Che cosa significa “essere consapevoli?” C’è una differenza tra essere a conoscenza di qualcosa, sapere qualcosa, e averne consapevolezza? L’invito “Conosci te stesso” che tipo di conoscenza intende? Che cos’è la consapevolezza?
Nel linguaggio comune spesso utilizziamo termini quali consapevolezza, conoscenza, coscienza, come sinonimi, a causa dell’identificazione con la mente condizionata, e la scarsa dimestichezza con le realtà interiori. Nell’era che si sta concludendo, la razza umana ha portato lo sviluppo della mente razionale a tal punto, da renderla facoltà sovrana di ogni aspetto del vivere.
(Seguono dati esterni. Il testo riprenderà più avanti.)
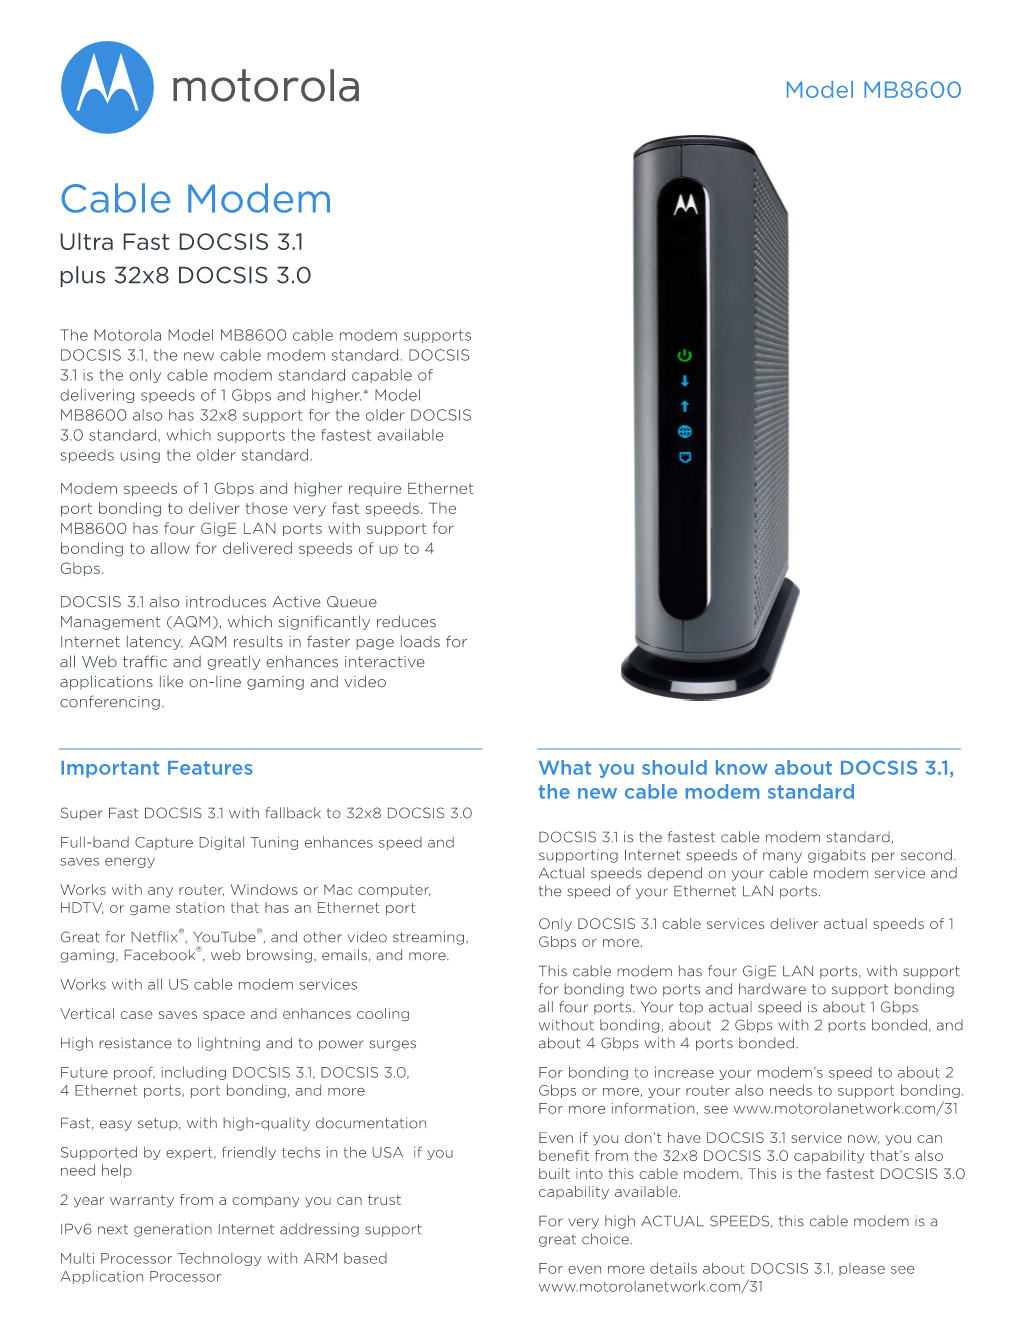 Cable Modem Ultra Fast DOCSIS 3.1 Plus 32X8 DOCSIS 3.0
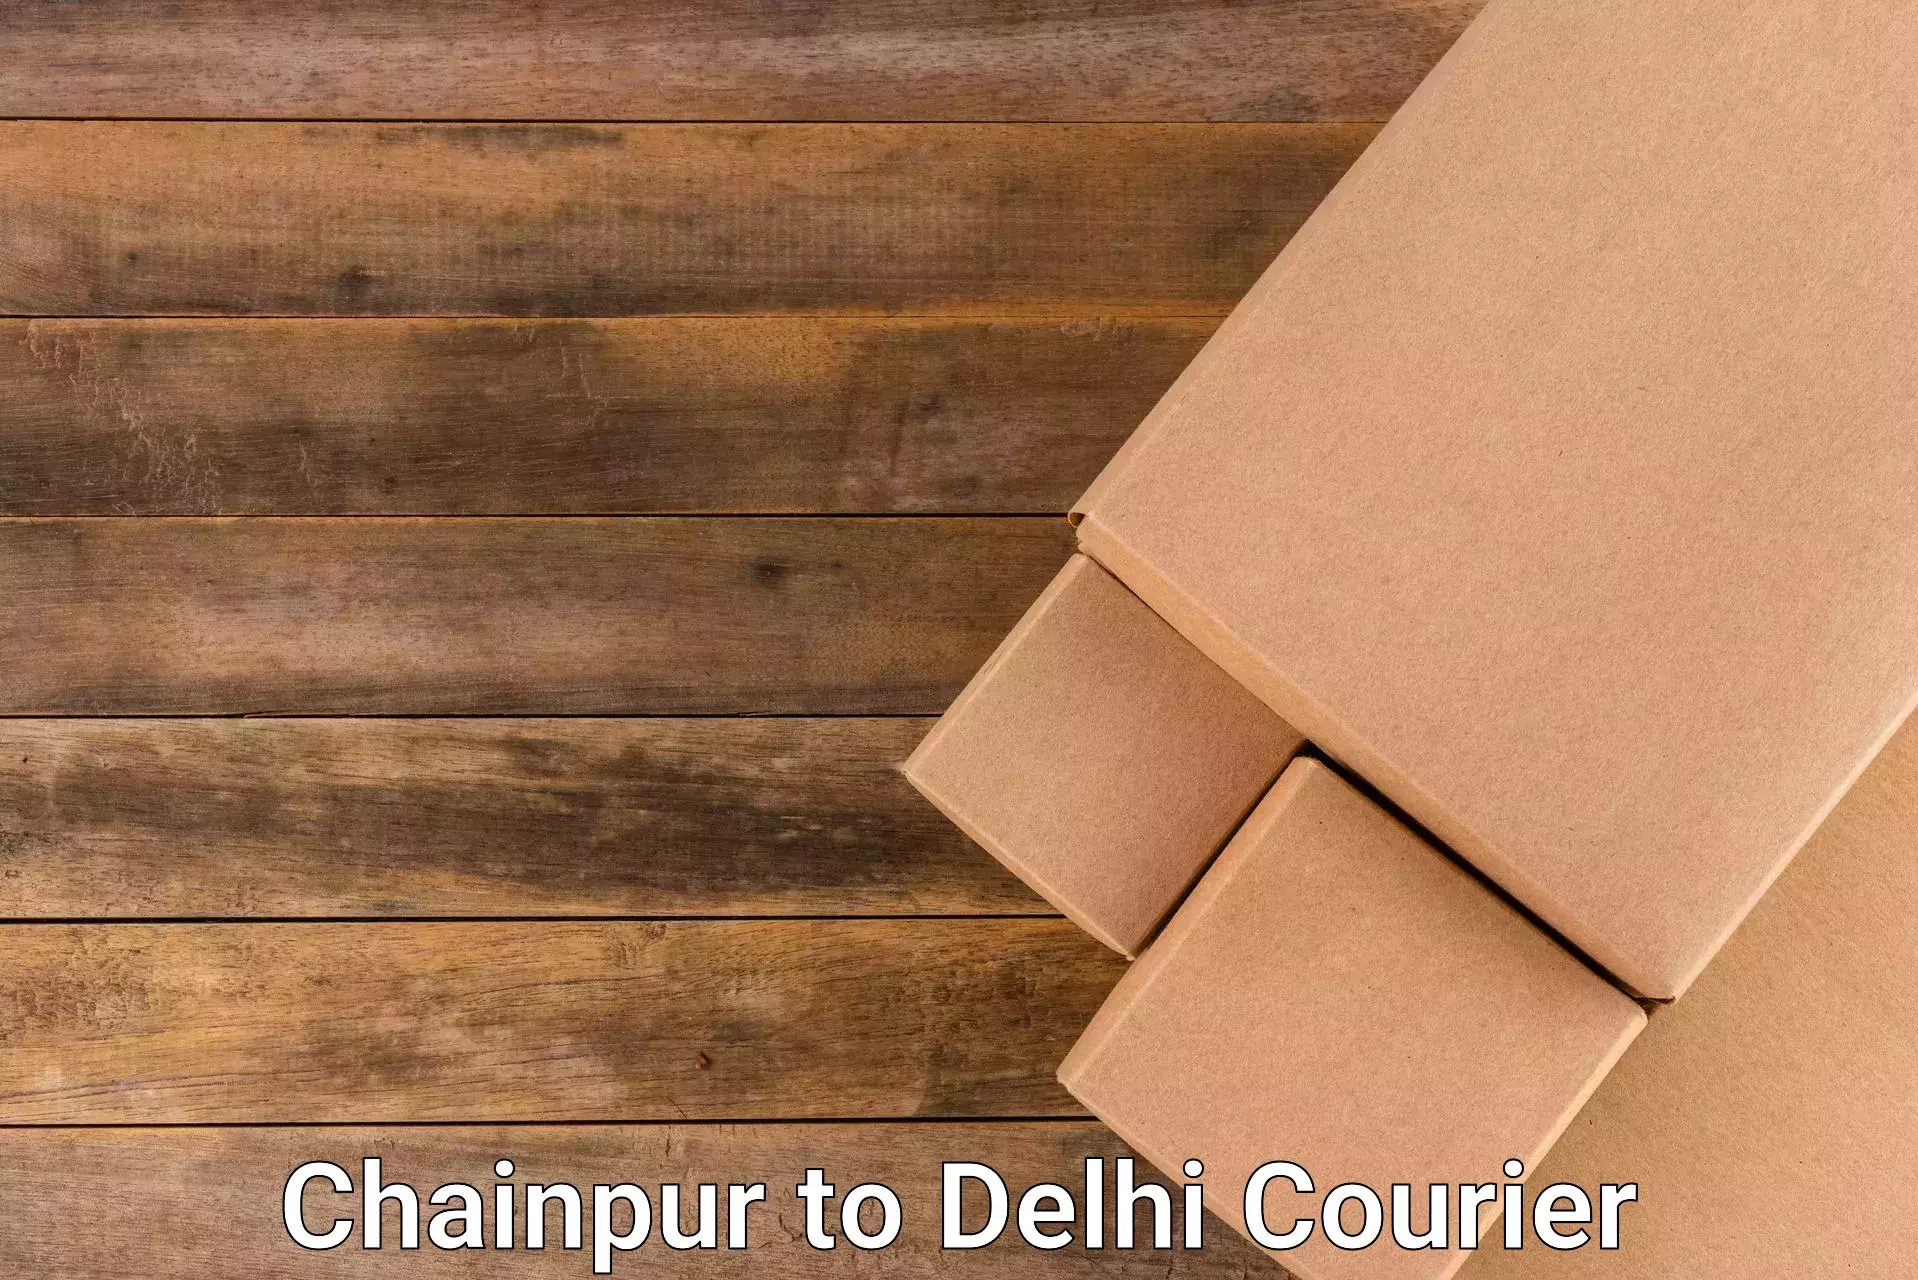 Efficient logistics management Chainpur to Ramesh Nagar

Ma qui ci stiamo muovendo verso il riconnetterci a qualcosa di più profondo ed essenziale, di più autentico e appagante, qualcosa che sappiamo che può aprirci nuove opportunità di sviluppo del nostro potenziale. E per procedere nella direzione che ci siamo prefissi, è necessario cominciare a operare delle distinzioni. Una di queste è discernere tra mente e consapevolezza.
Osservando noi stessi con l’aiuto della meditazione, che come abbiamo visto ci permette di essere più attenti e vigili, scopriremo di esistere a più livelli.
Un livello più superficiale riguarda i pensieri che vanno e vengono, e si muovono nella dualità: riguardano il passato o il futuro, oppure si alternano sotto forma di dialogo, come se all’interno di noi ci fossero più persone, e in effetti si tratta di personalità, veri e propri personaggi che continuamente dicono la loro, come ci trovassimo in un bar o alla piazza del mercato.
Qui esistiamo a livello della mente condizionata, talvolta giudichiamo superficiali le persone che si muovono prevalentemente su questo livello, ma la sfida maggiore consiste nell’accorgerci di quando noi stessi ci identifichiamo con questo chiacchiericcio, fermandoci lì e impedendoci così di spingerci più in profondità in noi stessi, dove dimora la consapevolezza.
L’osservazione ancora una volta ci viene in aiuto, poiché ancorandomi al corpo e alle sensazioni, mi accorgo che quando do credito al livello superficiale, produco tensioni, vado in stress, e non sono contento di me. Osservare tutto ciò, crea in me uno stacco: non sono più fuso con la mente chiacchierona, non prendo più per buono tutto ciò che mi propina, ma sto a guardare come fosse un film, sono uno spettatore e non più un attore del film.
Questo atto, automaticamente mi porta al livello di esistenza più profondo: il livello della consapevolezza. Guardare la mente condizionata con tutti i suoi scenari, senza coinvolgermi, senza né comprare i suoi prodotti, né cercare di scacciarli o modificarli, mi consente di aprire la porta che conduce a me stesso, e entrare nel mio spazio interiore: non sono più trascinato a destra e a manca dai pensieri e dalle personalità, ma riesco a stare fermo, a sostare in questo spazio, dove improvvisamente mi trovo a mio agio finalmente! E’ lo spazio della consapevolezza.
Da questo spazio possono scaturire comprensioni che certamente si esplicano in noi utilizzando anche i linguaggi che conosciamo: parole, suoni, sapori…., veicolano allora un nuovo tipo di conoscenza, hanno una qualità nuova, fresca, viva: ci stiamo dissetando alla sorgente del nostro essere, dove ogni cosa viene purificata e riconosciuta parte di qualcosa di più ampio e universale, che vibra in noi costantemente, non cessa mai di esistere, ed è la fonte della nostra felicità e della nostra crescita: la consapevolezza.
Non si tratta dunque di scacciare la mente come fosse una nemica: la avvertiamo tale quando non riusciamo a osservarla, ma ce ne facciamo coinvolgere, arrestandoci al livello più superficiale, e allora erroneamente pretendiamo di lenire il nostro disagio combattendola, ma ciò ci blocca ancor più. Avanti di quel passo, ci allontaniamo dalla consapevolezza anziché avvicinarci.
L’osservazione, invece, è lo strumento giusto per ristabilire l’equilibrio, aprire un varco, condurci dentro di noi, rilassarci e diventare ricettivi ad accogliere quel qualcosa di nuovo che solo lo stare nel momento presente può darci. Tale processo rafforza la nostra consapevolezza, che può allora esser definita non tanto una facoltà o funzione -come accade per la mente- ma uno spazio di presenza all’interno di noi stessi.